■ ASSIGNMENT ■
From the entries below, transcribe exactly the lines between the line holding "Balenciaga-OUTLET-SALE-Cropped hoodie-ARCHIVIST" and the line holding "4 Ds of Actuarial Time Management", inclusive; skip all other lines.

■ MATERIAL FOR THE TASK ■
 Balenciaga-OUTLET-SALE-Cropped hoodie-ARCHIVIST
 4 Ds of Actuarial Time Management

...

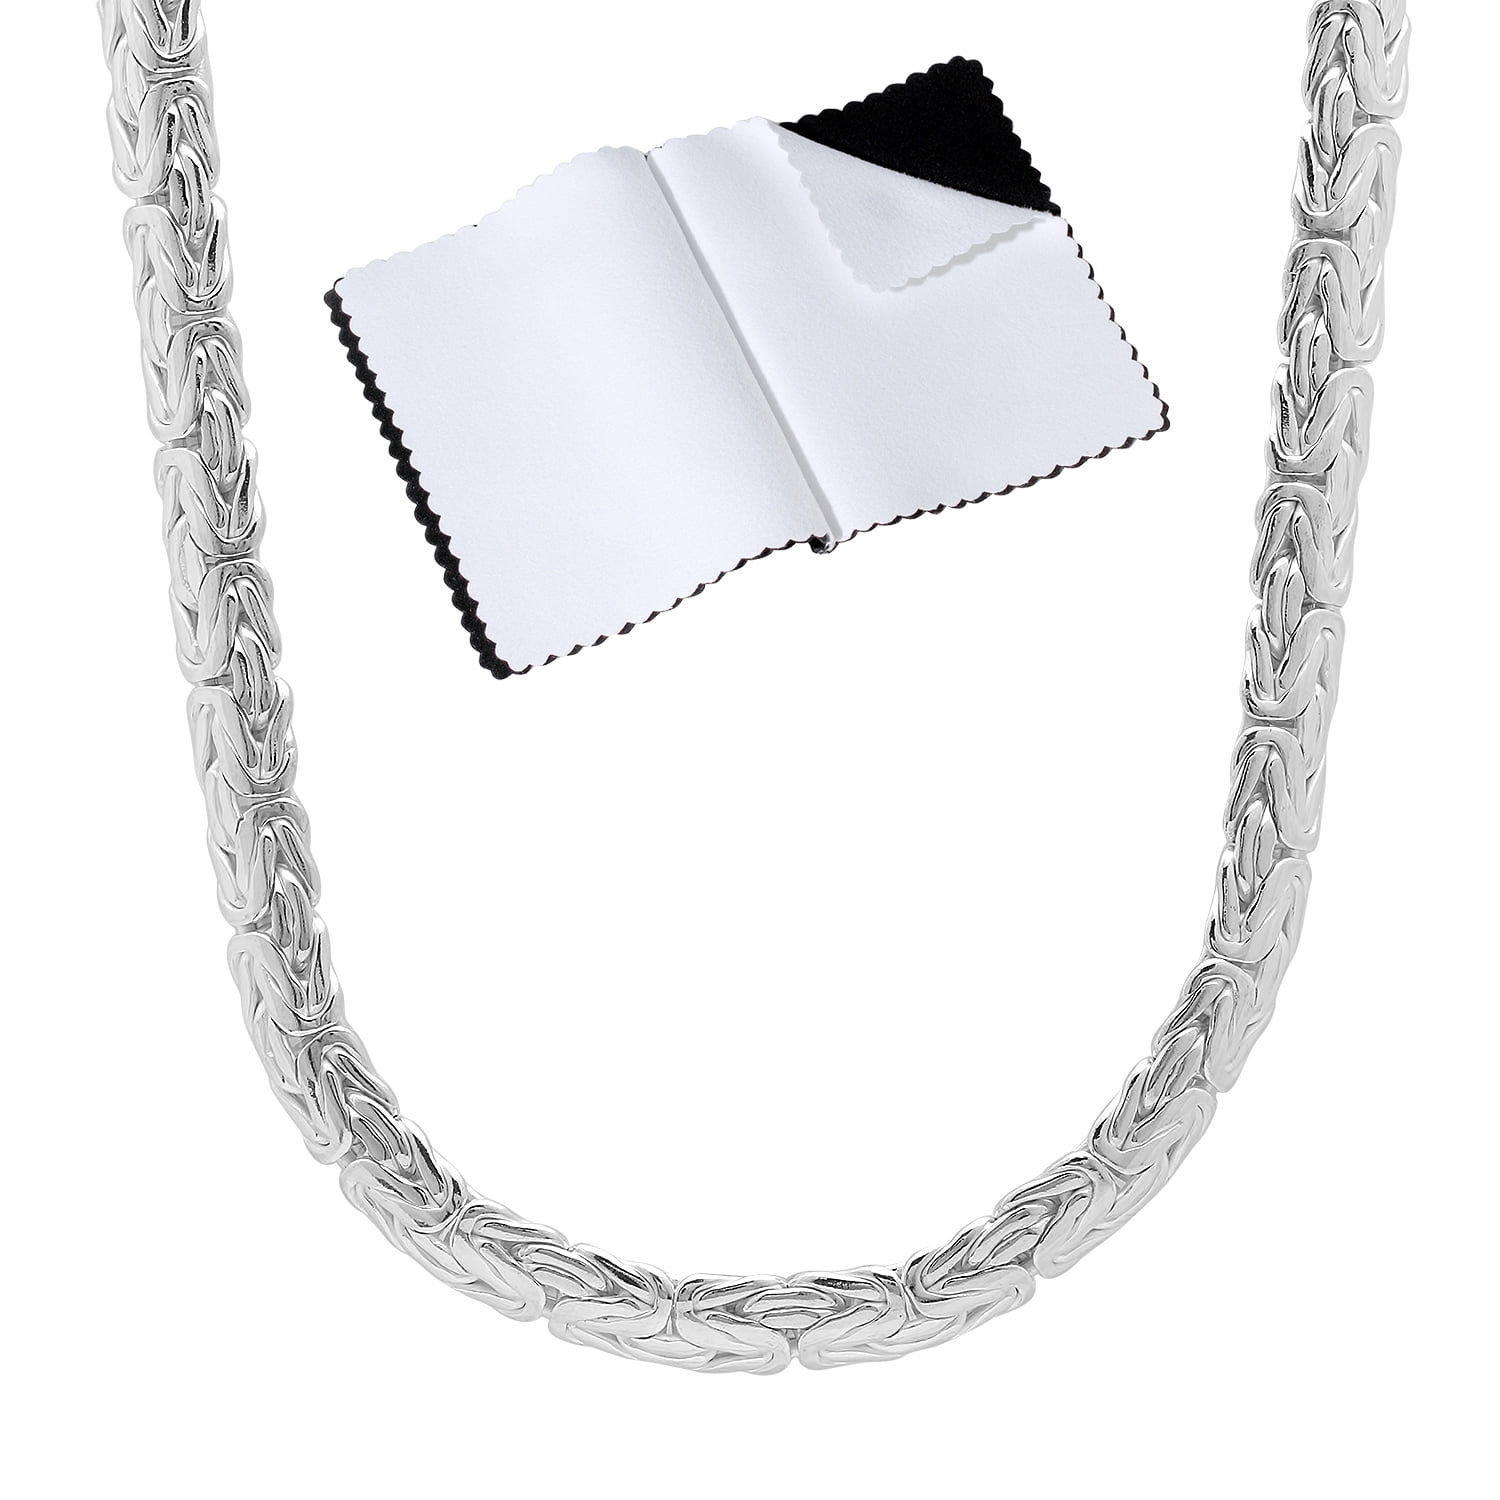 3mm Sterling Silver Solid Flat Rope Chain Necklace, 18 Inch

■ YOUR SOLUTION ■
 Balenciaga-OUTLET-SALE-Cropped hoodie-ARCHIVIST
 4 Ds of Actuarial Time Management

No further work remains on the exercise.